Together, they are concerned with “finding a better education pattern using the arts generally and specifically theatre as an educative process. [They] tried to find new methods for children to express their feelings and thoughts” said Asham. Since 1996, the two organisations have been training local children in visual arts, theatre, and cinema. Their most recent joint project, Contact, was to use interactive theatre to discuss issues related to sectarian tension and gender discrimination.
“It was supposed to be implemented in 10 villages where we have these kind of problems, and to involve 25 young people in each village” said Asham. “When people create a play and act it they will be confronted with their own attitude towards these issues and then think about the consequences of that way of thinking.”
The programme has had to be put on hold due to on-going disturbances in the region.
The theatre also aimed to change the image of the arts in the area, where there was a negative image of the arts as haram. Through presenting performances from all over the country, including several plays by El Warsha and performances by Egyptian bands, they seemed to have won over audiences in their local area. According to Asham: “[They have] a diversity of audiences and a good reputation in the community.”
“Now we have a burned building, burned cars, and destroyed and stolen equipment,” he said. Nonetheless, Asham is determined to continue the centre’s work, in spite of the attack and in spite of what Biman describes as worsening sectarian tensions in the region.
Biman said he found it difficult to comprehend that sectarian tensions have appeared in such a way against his organisation. “Eighty five percent of students in the school are Muslims,” he said. “Yet the attackers had real anger in their faces, as if I came from another world and didn’t deserve to live. They wanted revenge, as if I had attacked them and not the other way around”.
“The situation has become very polarised” he explained. “Muslims and Christians who know each other are friends. But between people who don’t know each other, on the buses and at the market, there is no brotherly feeling, and this has frightened us. Since Morsi was ousted the Christian women have not dared to come out of their houses.”
Muslim-Christian relations in the neighbourhood do not appear to have dissolved due to this polarisation, and the centre seems to enjoy a degree of continued support. Asham tells of a local man from a Muslim organisation that offered the centre EGP 10,000 from his own pocket in order to help them to rebuild.

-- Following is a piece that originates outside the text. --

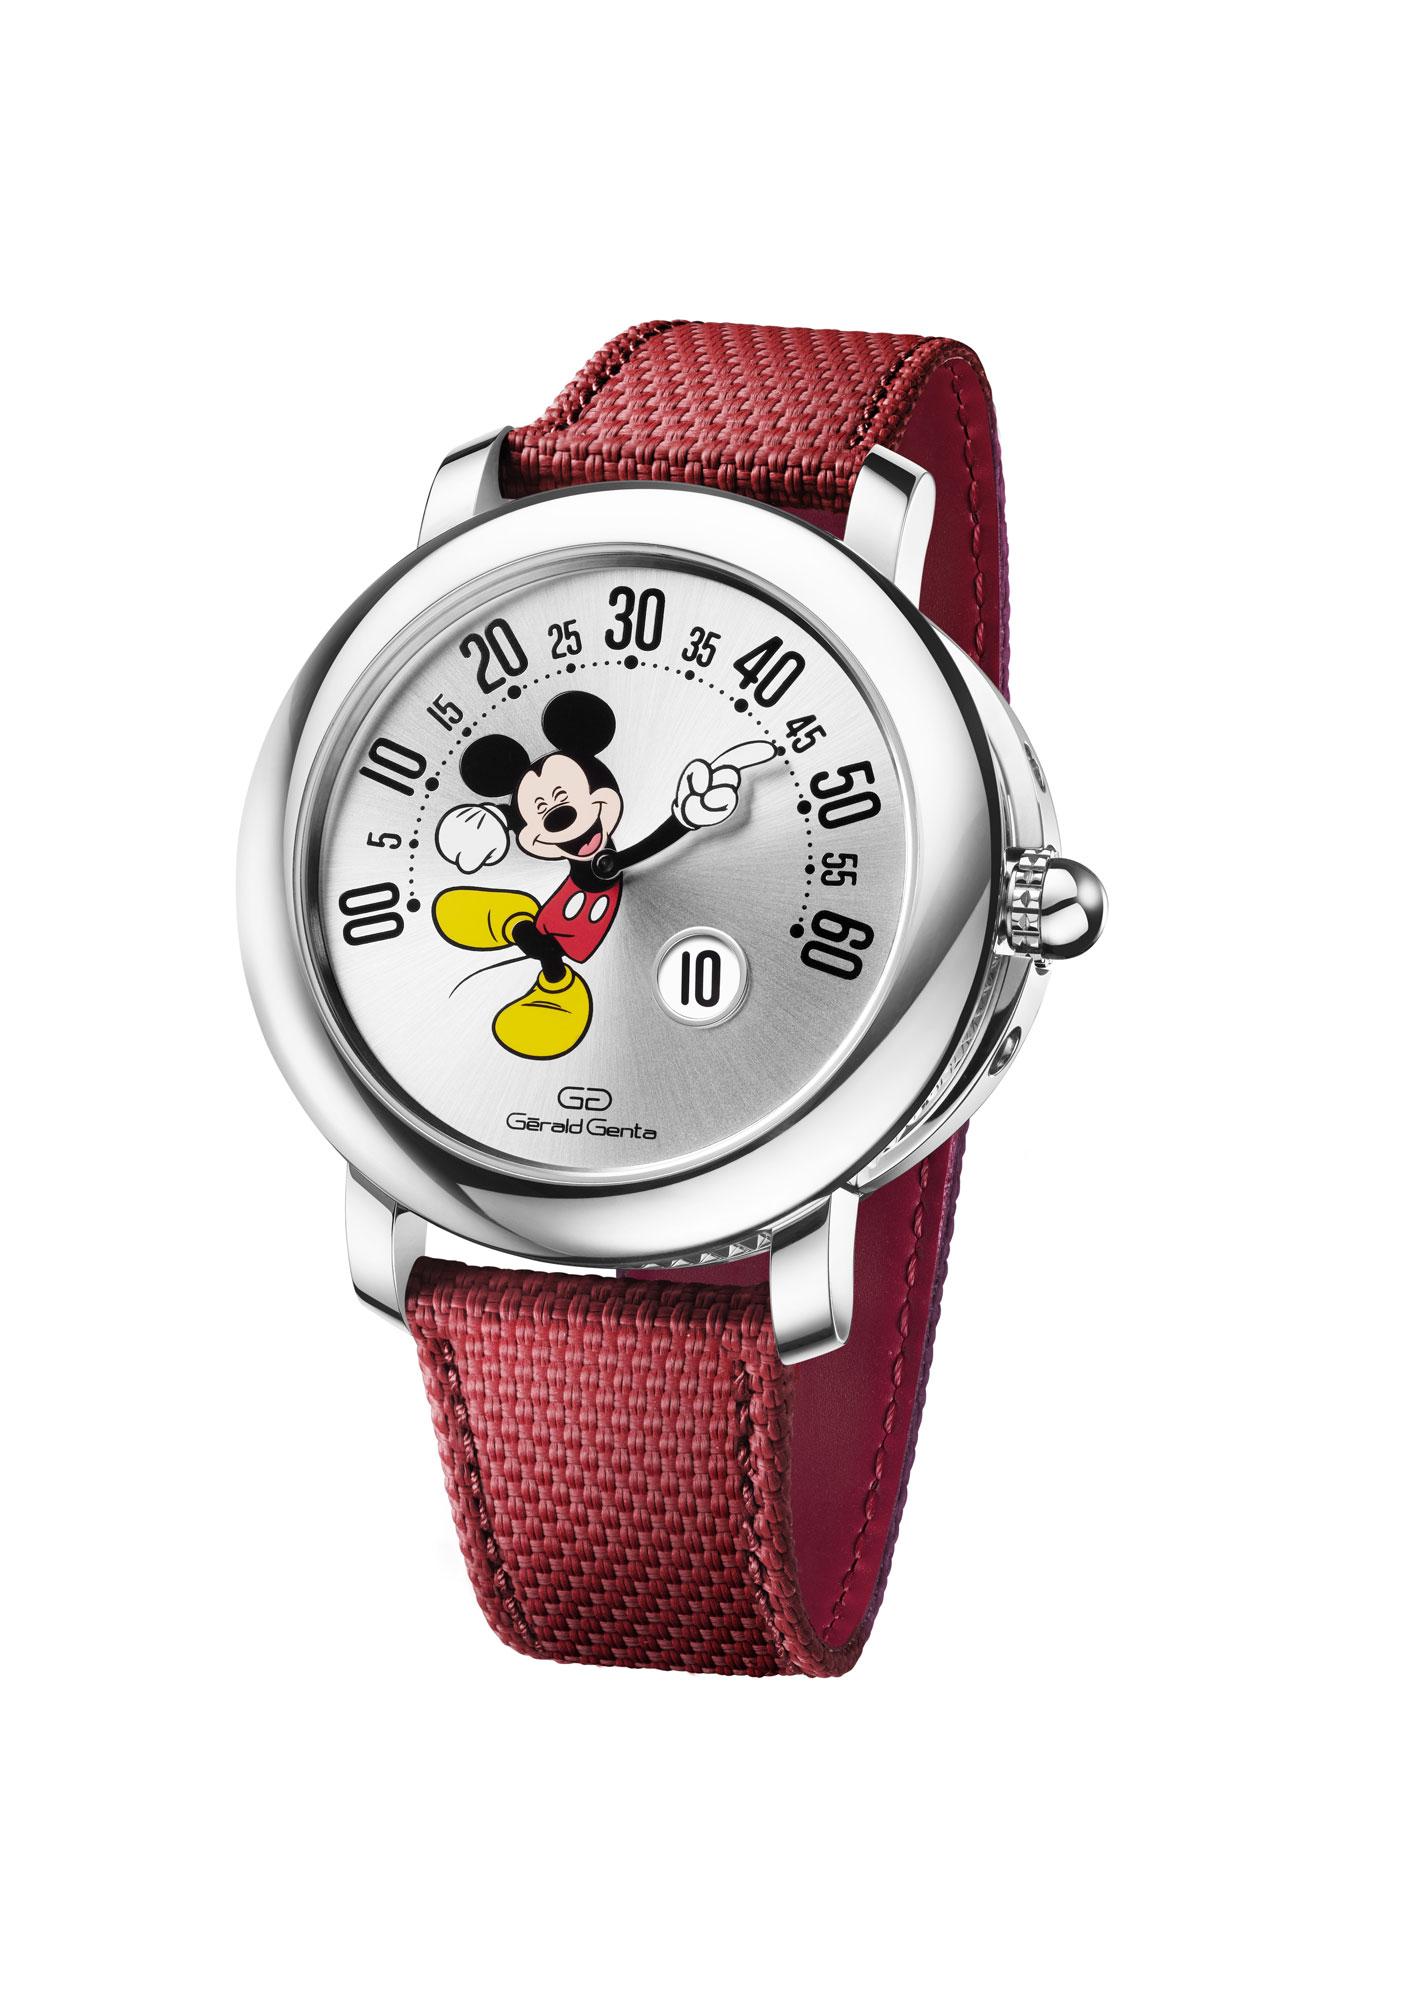 Gérald Genta Arena Retrograde With Smiling Disney Mickey Mouse - Ref. 103613
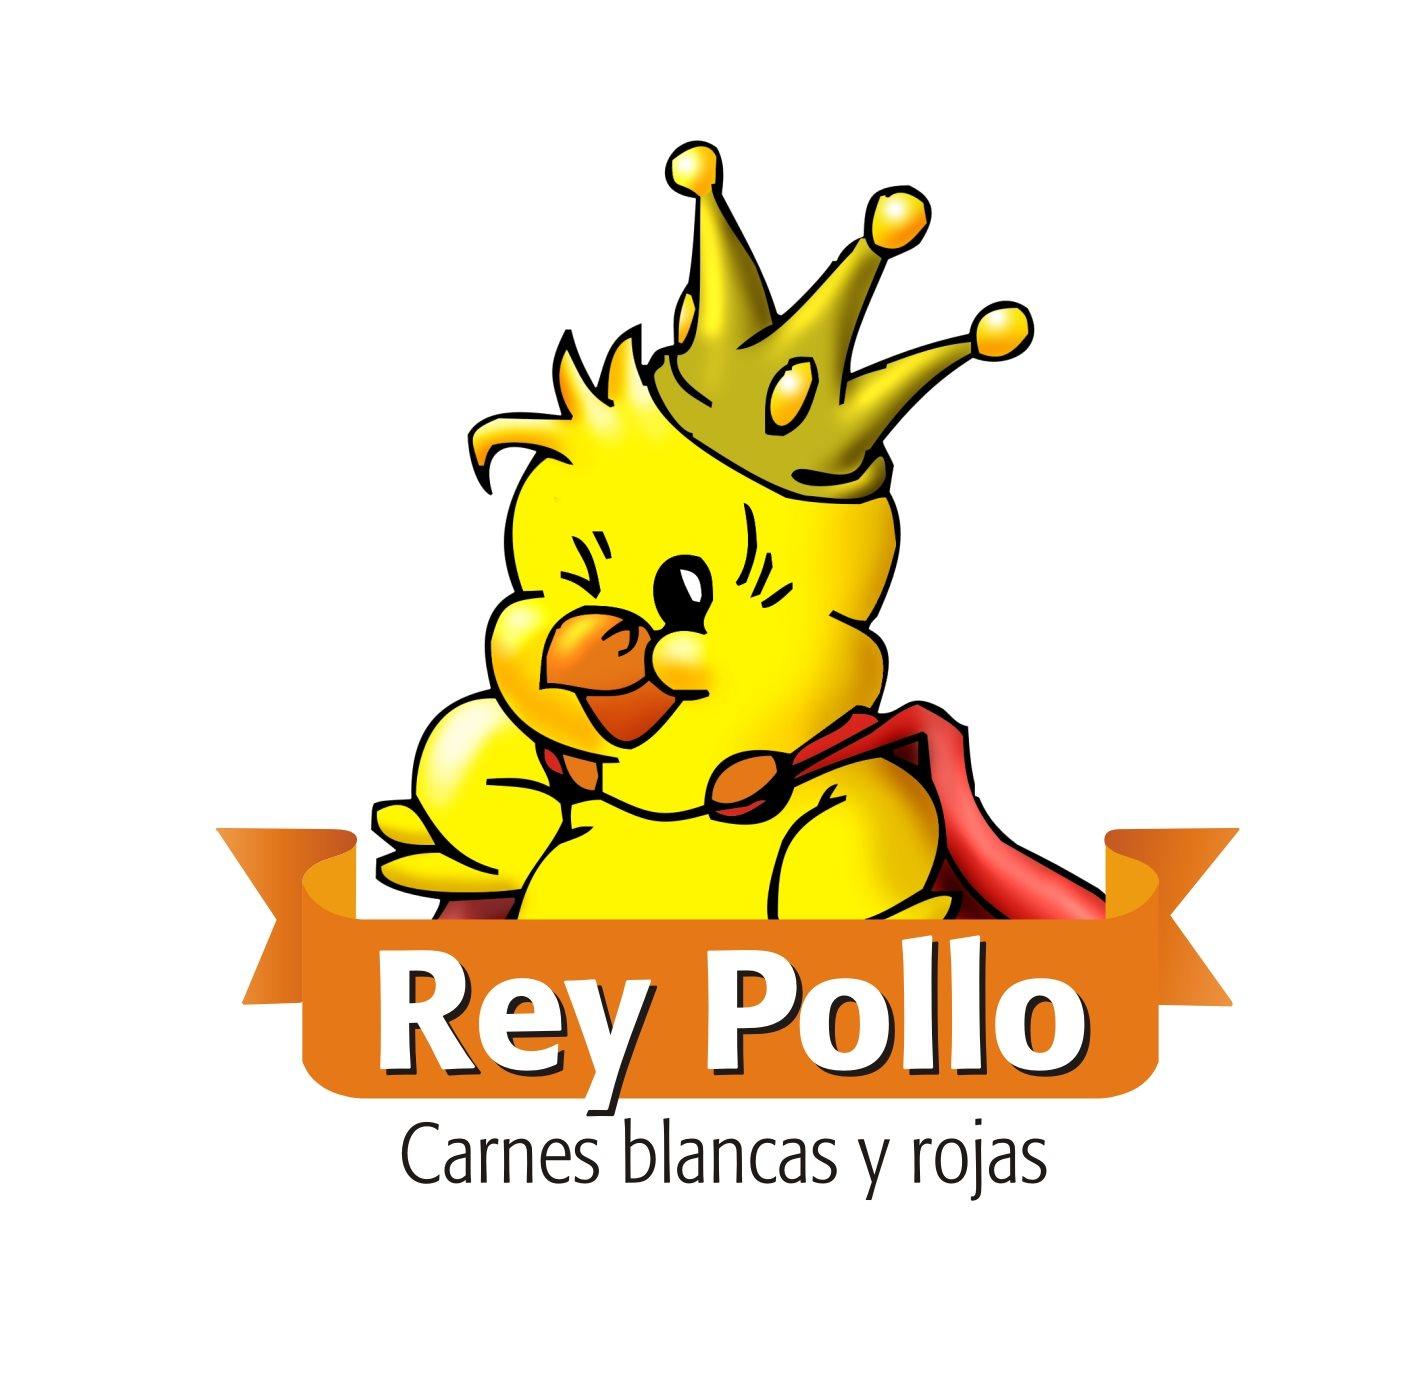 Rey Pollo

El Geretly finds these community divisions incompatible with his vision of Egypt, especially in the context of the country’s cultural history.
“El Warsha is also doing a storytelling project with children from Siwa who don’t even speak Egyptian Arabic as their first language; we are doing a project with Nubian singers.”
In a country with such a diversity of cultures and creeds, labelling the central cultural division as being between Christians and Muslims is to create an artificial cultural binary, which is then exploited for the sake of violence and intimidation. “You can hardly tell the difference between Muslims and Christians, even in the way they talk about God; religions adapt to fit their cultural surroundings,” Geretly argued.
“There are other more interesting divisions to be working on,” said Geretly. “The rich and poor, the income divide – that’s the absurdity of it”.